Dr Lal Pathlabs’ (Dr Lal) Q2FY22 result was below our estimates as the non-COVID revenues fell short of our expectations. Revenue from COVID-19 and allied tests sharply declined by 76.8% QoQ with drop in cases. Base business revenues had a two year CAGR of 10.6% to Rs4.5bn (I-Sec: Rs4.8bn). EBITDA margin declined 110bps YoY to 28.4%. Adj. PAT grew 11.4% to Rs950mn. Dr Lal announced 100% acquisition of Suburban Diagnostics (India) (Suburban) for a cash consideration of Rs9.25bn (additional Rs2.25bn is contingent). We remain positive on Dr Lal given volume growth consistency, ability to execute well and strong return ratios. However, we believe that the current valuations capture the near term growth, so we recommend HOLD.

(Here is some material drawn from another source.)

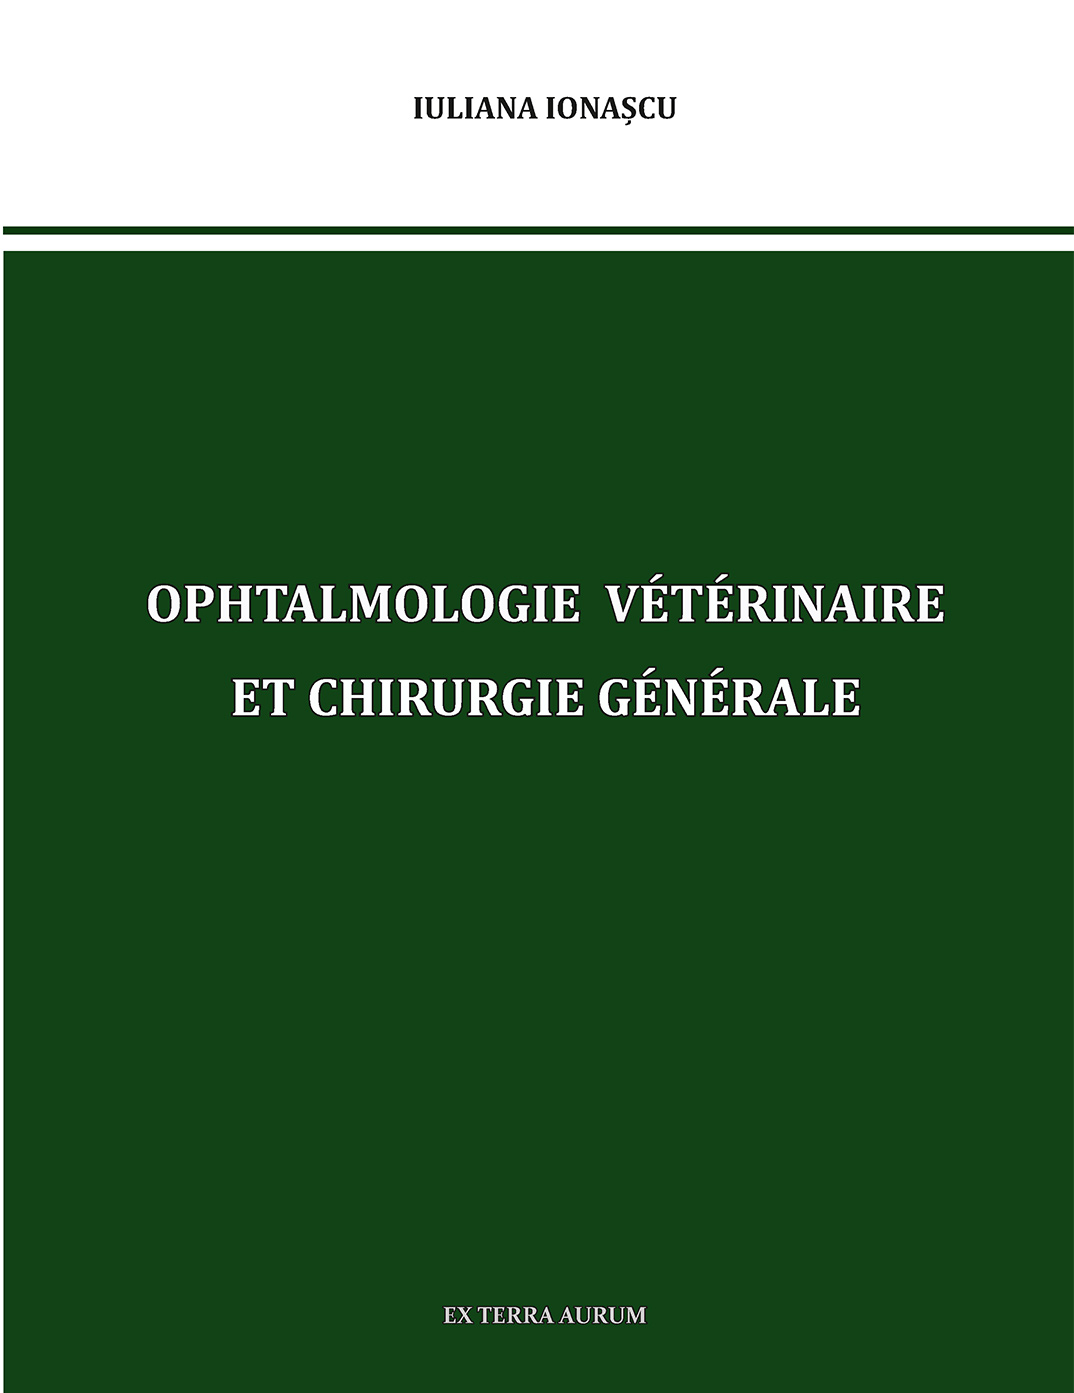 Ophtalmologie Vétérinaire et Chirurgie Générale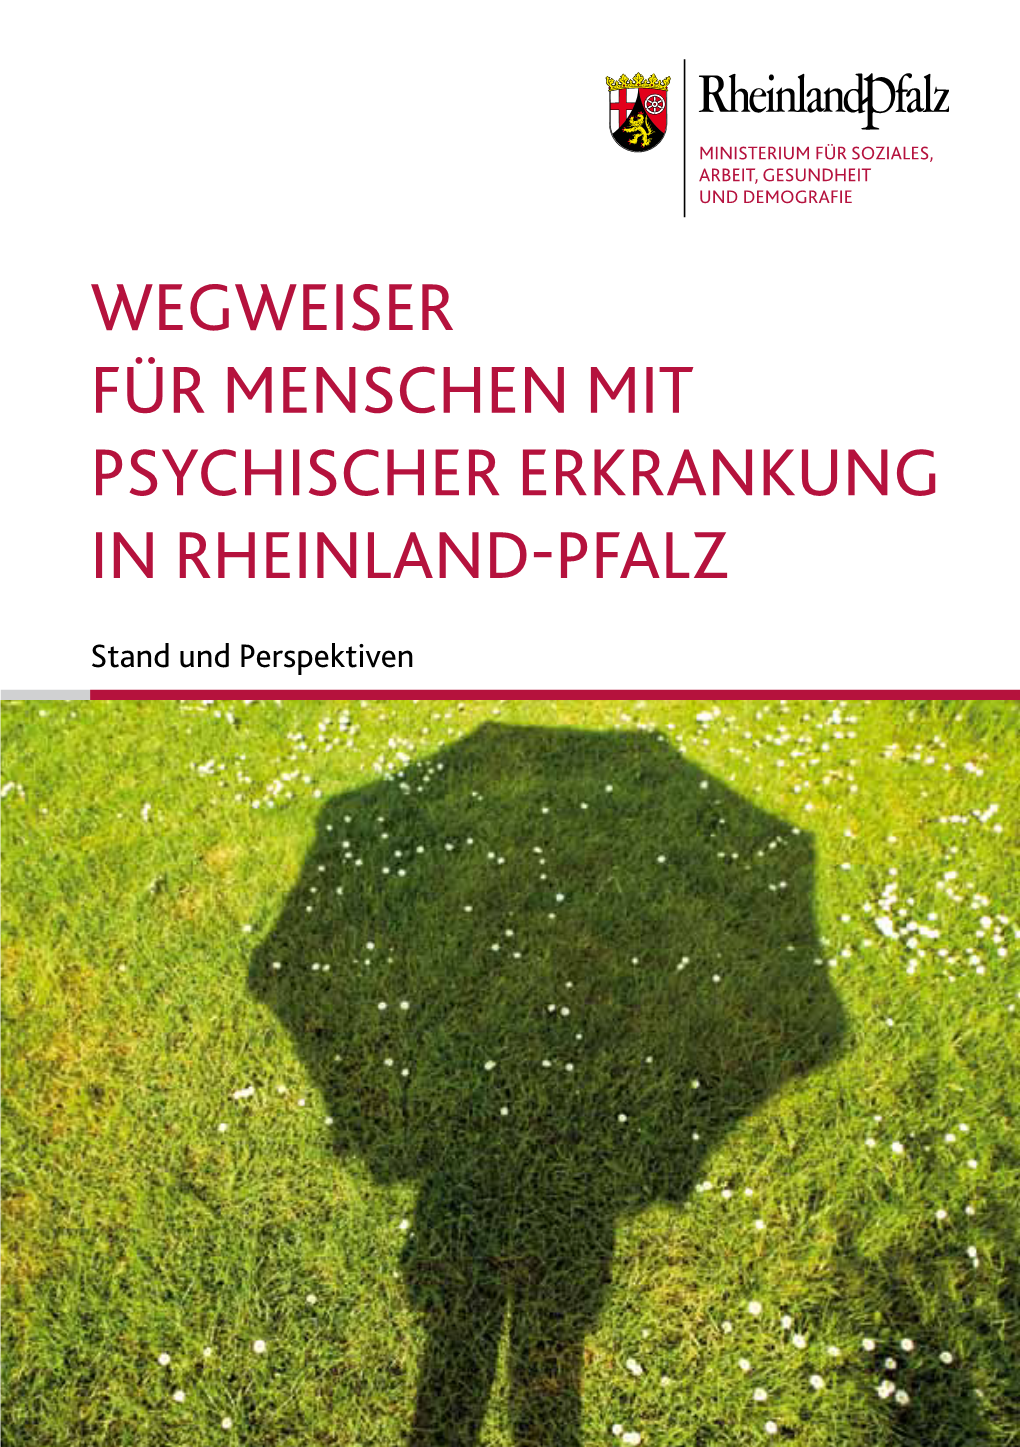 WEGWEISER Für Menschen Mit Psychischer Erkrankung in Rheinland-Pfalz

  • Business review: Amid sharp decline in COVID-19 cases, COVID-19 and allied tests contribution declined to 10.2% of sales (36.3%/22.1% in Q2FY21/Q1FY22). Base business witnessed a two year CAGR of 10.6%. The volumes (patients) witnessed 27.8% growth and is expected to continue in FY22E on a lower base. Average realisation stood at Rs722 (down 9.7% YoY) on account of lower COVID-19 revenue. EBITDA margin at 28.4% dropped 280bps QoQ with falling realisations. We expect EBITDA margin to be range bound at 28-29% over FY21-FY23E as it integrates Suburban into the business.
  • Suburban acquisition: Dr Lal announced 100% acquisition of Suburban for a cash consideration of Rs9.25bn (additional Rs2.25bn is contingent) by valuing at 18.5xFY22 EV/EBITDA. The deal will be funded via internal accruals and it is expected to consummate within a month. Suburban’s FY21 revenues were Rs2.95bn (Rs1.27 was non-COVID) with 19.6% margins. Suburban has ~200 centres across >10 cities in western India which is a crucial growth area for Dr Lal. Post the deal, Dr Lal will immediately see revenue contribution from western region jump to 24% from 10%, the acquisition is strategically important in long term to become a meaningful player in western India.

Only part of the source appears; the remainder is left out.